◆ **Your assignment**:
Each line in the records below that has the word "Hotel" should be copied.

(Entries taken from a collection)
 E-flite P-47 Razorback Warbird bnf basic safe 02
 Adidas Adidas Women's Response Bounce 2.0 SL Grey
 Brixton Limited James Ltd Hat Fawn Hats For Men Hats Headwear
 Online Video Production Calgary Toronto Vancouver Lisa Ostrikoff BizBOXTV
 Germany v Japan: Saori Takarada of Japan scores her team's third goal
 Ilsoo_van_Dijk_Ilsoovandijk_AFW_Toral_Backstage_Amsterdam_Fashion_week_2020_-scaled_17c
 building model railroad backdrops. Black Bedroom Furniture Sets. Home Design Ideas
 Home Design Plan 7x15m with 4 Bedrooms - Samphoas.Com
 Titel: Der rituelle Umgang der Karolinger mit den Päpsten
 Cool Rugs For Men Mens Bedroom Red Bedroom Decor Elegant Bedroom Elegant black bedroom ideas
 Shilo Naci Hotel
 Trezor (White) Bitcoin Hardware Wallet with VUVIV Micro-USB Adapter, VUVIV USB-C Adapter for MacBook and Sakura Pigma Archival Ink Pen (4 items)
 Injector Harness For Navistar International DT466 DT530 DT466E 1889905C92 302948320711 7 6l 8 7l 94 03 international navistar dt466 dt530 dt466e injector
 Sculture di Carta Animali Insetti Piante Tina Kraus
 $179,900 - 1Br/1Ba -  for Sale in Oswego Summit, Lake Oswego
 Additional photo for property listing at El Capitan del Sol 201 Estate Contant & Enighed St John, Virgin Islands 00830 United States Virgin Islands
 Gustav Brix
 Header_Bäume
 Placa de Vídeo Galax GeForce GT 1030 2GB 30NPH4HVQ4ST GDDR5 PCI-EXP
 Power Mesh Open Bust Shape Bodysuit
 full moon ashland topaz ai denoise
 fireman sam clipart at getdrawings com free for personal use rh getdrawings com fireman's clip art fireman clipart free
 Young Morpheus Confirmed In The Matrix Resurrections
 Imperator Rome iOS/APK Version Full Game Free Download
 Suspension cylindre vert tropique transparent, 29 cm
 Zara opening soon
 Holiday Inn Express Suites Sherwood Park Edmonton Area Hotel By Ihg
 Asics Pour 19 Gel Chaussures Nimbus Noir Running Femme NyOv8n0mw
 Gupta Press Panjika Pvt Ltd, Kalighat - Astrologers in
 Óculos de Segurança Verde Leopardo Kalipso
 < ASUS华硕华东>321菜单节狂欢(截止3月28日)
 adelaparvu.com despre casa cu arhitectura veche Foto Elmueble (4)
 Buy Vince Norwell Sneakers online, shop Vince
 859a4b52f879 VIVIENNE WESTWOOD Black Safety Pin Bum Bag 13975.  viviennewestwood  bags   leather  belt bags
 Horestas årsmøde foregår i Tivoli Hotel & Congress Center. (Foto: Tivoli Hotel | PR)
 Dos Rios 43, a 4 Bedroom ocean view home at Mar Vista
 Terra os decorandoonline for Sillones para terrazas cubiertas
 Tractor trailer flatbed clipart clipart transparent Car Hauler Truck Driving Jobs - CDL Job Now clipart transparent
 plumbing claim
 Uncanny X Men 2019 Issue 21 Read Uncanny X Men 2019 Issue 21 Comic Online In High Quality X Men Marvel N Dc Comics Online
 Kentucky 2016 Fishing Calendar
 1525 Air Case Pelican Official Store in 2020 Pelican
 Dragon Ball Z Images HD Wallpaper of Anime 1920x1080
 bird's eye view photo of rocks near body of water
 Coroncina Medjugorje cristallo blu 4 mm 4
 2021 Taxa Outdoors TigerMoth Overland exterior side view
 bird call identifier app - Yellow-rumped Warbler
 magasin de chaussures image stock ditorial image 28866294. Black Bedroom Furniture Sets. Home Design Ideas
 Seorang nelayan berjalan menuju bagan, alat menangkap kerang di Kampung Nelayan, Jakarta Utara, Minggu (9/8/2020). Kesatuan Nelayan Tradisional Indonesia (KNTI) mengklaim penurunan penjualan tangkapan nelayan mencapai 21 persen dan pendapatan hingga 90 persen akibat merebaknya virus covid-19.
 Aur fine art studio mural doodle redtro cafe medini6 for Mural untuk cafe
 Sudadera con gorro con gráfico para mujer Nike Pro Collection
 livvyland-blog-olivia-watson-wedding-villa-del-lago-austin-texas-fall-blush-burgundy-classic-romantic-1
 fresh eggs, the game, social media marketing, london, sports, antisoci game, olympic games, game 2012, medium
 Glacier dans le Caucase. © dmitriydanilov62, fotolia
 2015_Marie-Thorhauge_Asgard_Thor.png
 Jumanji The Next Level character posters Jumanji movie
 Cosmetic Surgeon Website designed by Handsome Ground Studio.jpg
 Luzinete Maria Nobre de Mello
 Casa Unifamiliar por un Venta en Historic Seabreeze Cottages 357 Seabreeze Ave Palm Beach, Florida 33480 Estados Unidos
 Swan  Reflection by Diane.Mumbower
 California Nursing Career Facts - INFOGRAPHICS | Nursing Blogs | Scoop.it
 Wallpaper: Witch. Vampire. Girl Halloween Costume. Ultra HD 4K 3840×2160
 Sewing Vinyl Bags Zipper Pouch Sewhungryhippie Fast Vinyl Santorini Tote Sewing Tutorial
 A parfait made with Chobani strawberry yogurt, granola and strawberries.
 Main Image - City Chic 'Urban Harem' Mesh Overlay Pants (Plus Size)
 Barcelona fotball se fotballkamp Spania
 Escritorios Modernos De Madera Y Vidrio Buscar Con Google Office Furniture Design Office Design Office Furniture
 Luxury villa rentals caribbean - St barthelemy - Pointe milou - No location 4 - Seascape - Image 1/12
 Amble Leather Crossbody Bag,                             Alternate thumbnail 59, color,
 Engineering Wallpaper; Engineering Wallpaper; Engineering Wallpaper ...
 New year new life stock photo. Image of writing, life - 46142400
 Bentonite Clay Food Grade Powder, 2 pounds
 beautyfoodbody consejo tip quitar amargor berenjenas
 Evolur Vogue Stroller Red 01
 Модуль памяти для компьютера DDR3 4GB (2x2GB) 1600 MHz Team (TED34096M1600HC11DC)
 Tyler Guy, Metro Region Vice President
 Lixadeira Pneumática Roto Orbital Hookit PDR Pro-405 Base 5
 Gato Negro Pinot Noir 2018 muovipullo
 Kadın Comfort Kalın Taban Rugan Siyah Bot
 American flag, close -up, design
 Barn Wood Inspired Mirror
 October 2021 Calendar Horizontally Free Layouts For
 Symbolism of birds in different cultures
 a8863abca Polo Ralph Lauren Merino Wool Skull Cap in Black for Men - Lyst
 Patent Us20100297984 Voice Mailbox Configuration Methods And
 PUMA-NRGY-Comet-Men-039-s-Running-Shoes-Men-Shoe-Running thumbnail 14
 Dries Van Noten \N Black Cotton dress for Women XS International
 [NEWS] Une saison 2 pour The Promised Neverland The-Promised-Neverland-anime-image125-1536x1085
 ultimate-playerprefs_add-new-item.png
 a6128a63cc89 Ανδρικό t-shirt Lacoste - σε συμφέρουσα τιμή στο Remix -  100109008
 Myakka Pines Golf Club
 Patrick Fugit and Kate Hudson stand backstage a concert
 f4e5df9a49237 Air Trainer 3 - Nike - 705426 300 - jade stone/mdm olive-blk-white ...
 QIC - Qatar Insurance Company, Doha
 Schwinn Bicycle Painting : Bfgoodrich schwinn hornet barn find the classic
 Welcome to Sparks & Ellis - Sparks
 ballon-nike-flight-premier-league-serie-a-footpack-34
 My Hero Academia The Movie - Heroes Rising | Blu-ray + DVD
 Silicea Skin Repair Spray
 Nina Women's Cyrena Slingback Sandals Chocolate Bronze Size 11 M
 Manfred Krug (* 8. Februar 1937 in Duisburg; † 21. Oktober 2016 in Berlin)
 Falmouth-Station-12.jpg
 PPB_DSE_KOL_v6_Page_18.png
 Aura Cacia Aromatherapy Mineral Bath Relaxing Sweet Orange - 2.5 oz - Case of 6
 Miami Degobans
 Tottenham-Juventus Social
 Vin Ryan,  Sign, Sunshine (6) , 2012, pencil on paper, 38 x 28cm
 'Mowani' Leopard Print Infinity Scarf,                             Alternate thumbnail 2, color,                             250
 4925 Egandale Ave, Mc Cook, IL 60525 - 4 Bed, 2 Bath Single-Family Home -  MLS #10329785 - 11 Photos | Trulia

◆ **Exercise result**:
 Shilo Naci Hotel
 Holiday Inn Express Suites Sherwood Park Edmonton Area Hotel By Ihg
 Horestas årsmøde foregår i Tivoli Hotel & Congress Center. (Foto: Tivoli Hotel | PR)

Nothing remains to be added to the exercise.